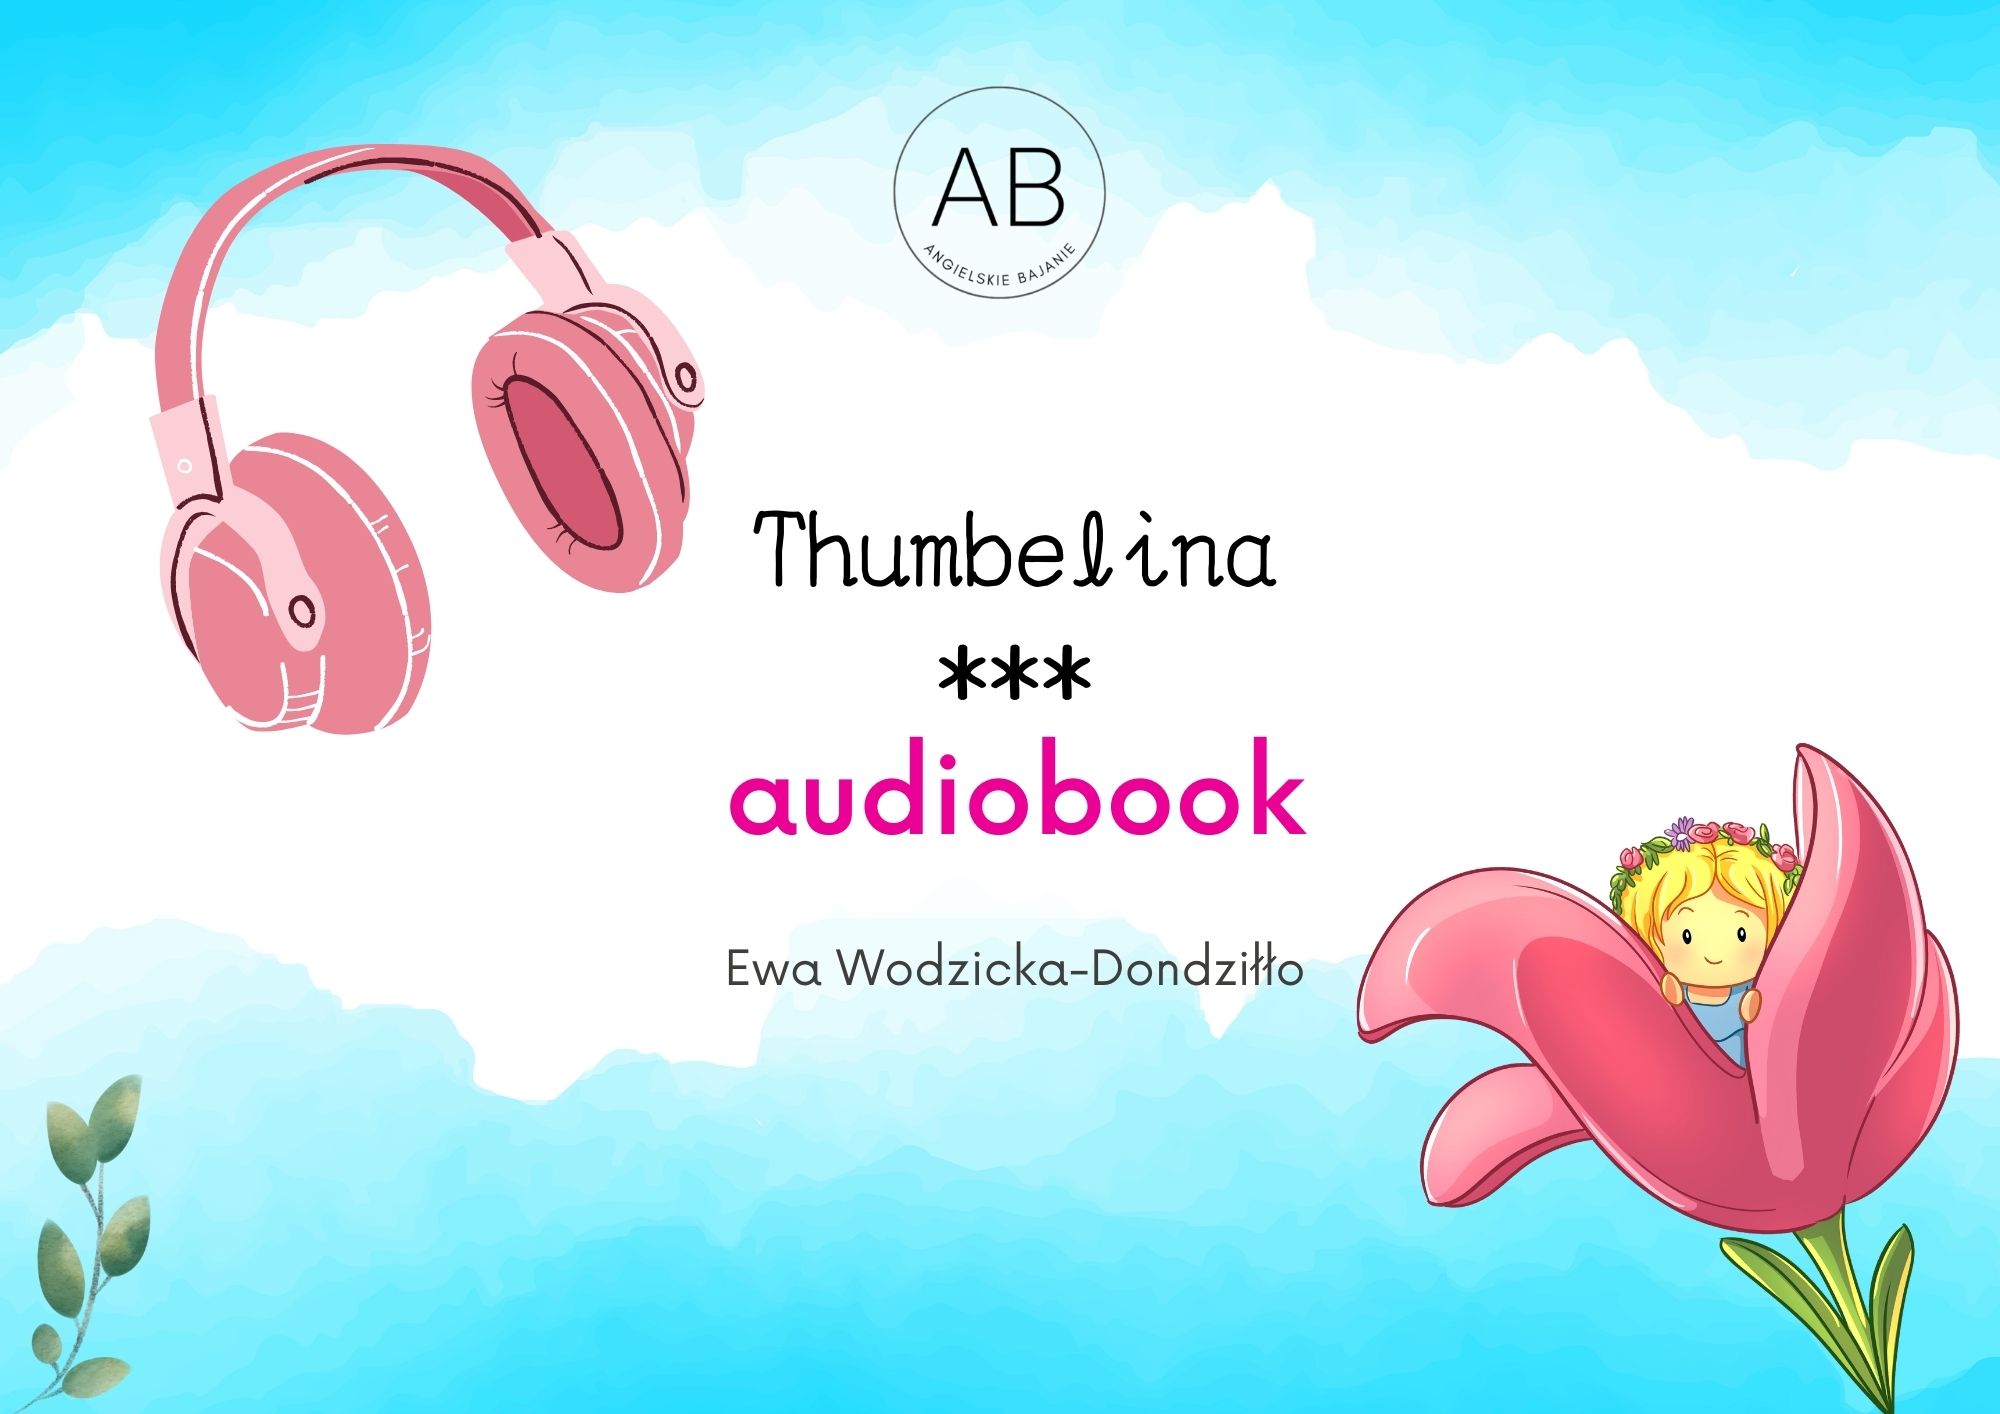 Thumbelina audiobook
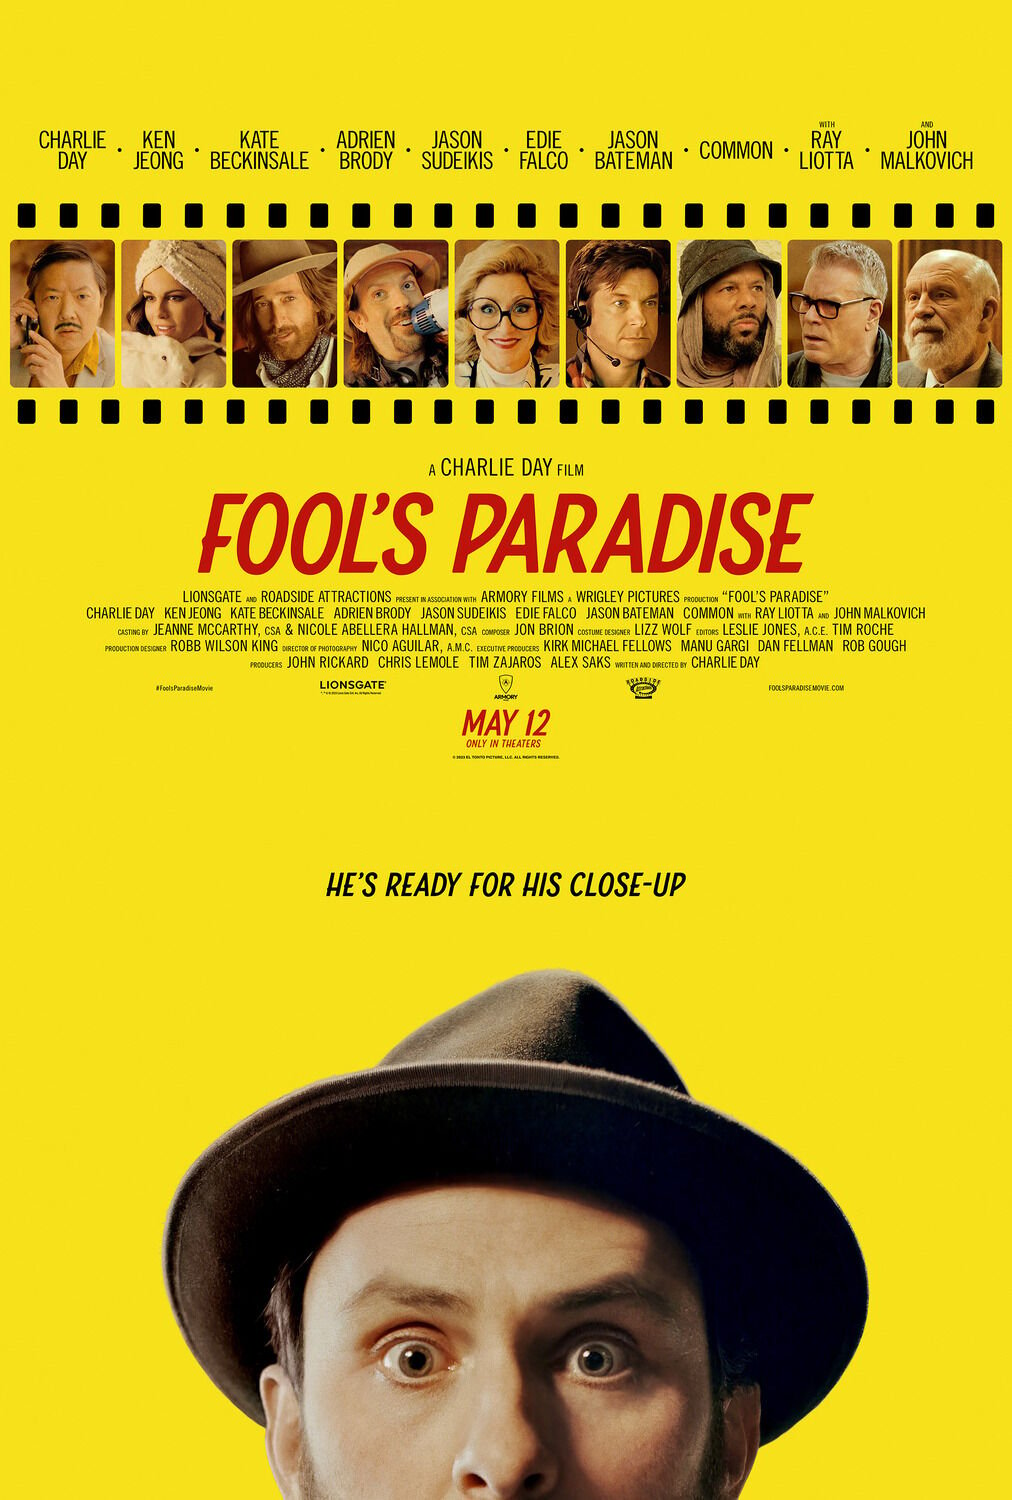 Charlie Day Skips 'Fool's Paradise' Premiere Press Amid WGA Strike
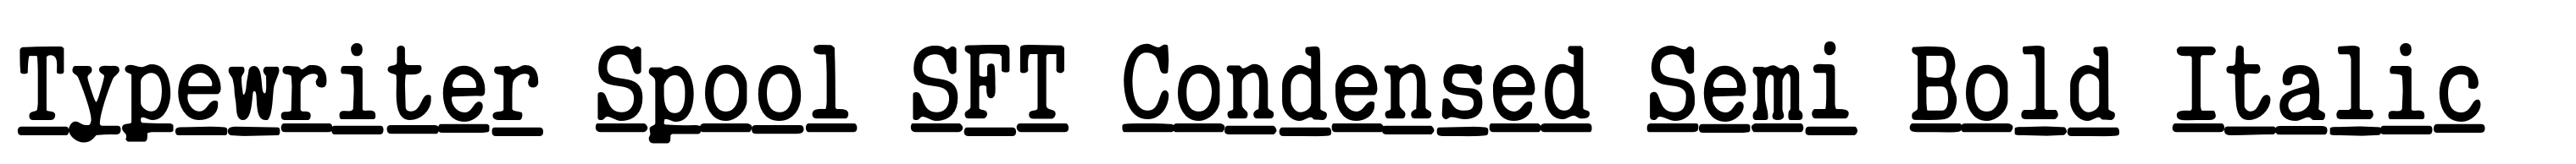 Typewriter Spool SFT Condensed Semi Bold Italic
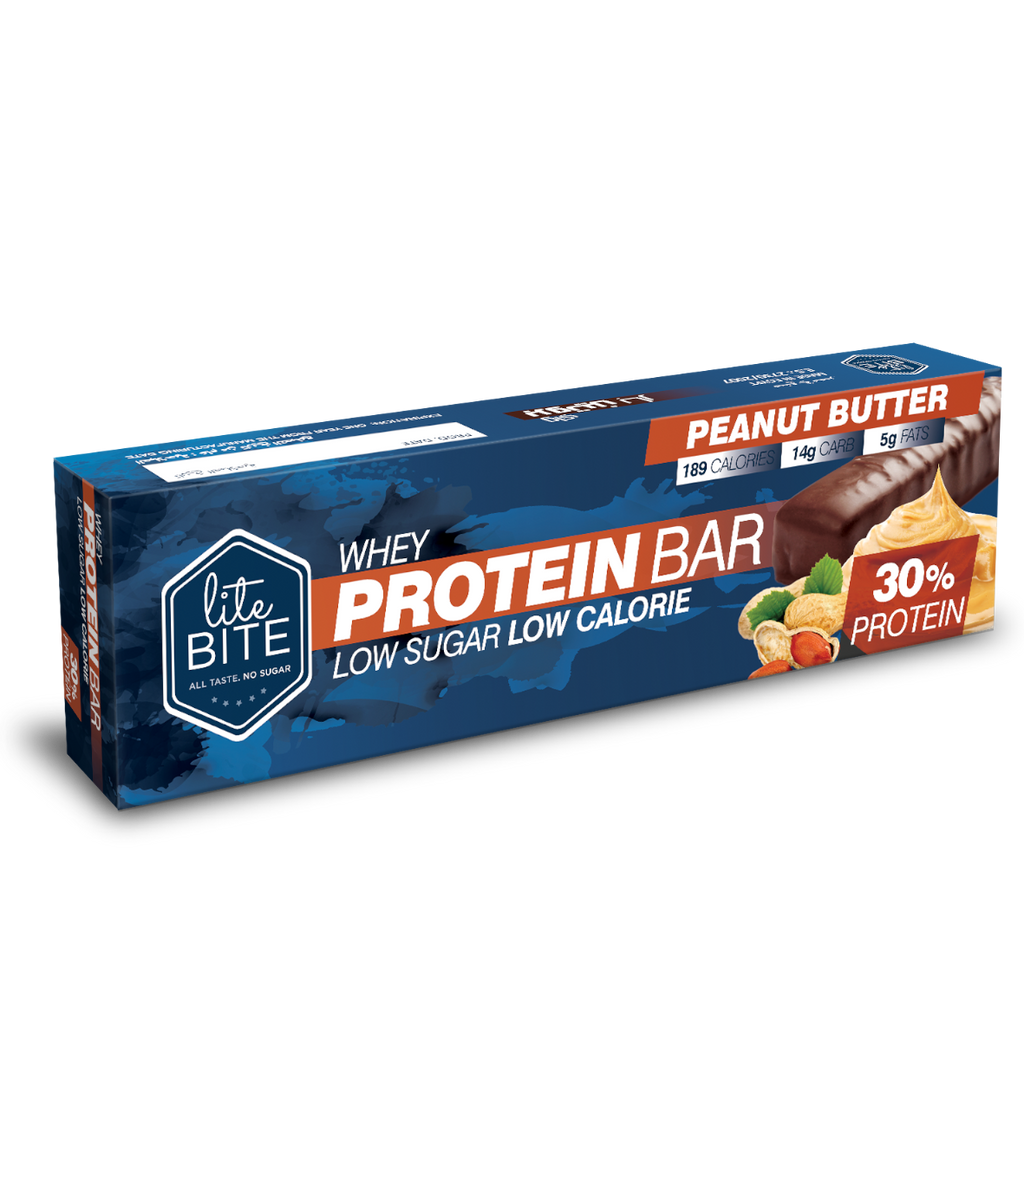 Peanut Butter Protein Bar - بروتين بار زبدة فول سوداني

• **Task prompt**:
Each line of the data is to be duplicated exactly; pictures stay out of the copy.

• **Written response**:
 Thumbelina audiobook
 Charlie Day Skips 'Fool's Paradise' Premiere Press Amid WGA Strike
 Typewriter Spool SFT Condensed Semi Bold Italic
 Peanut Butter Protein Bar - بروتين بار زبدة فول سوداني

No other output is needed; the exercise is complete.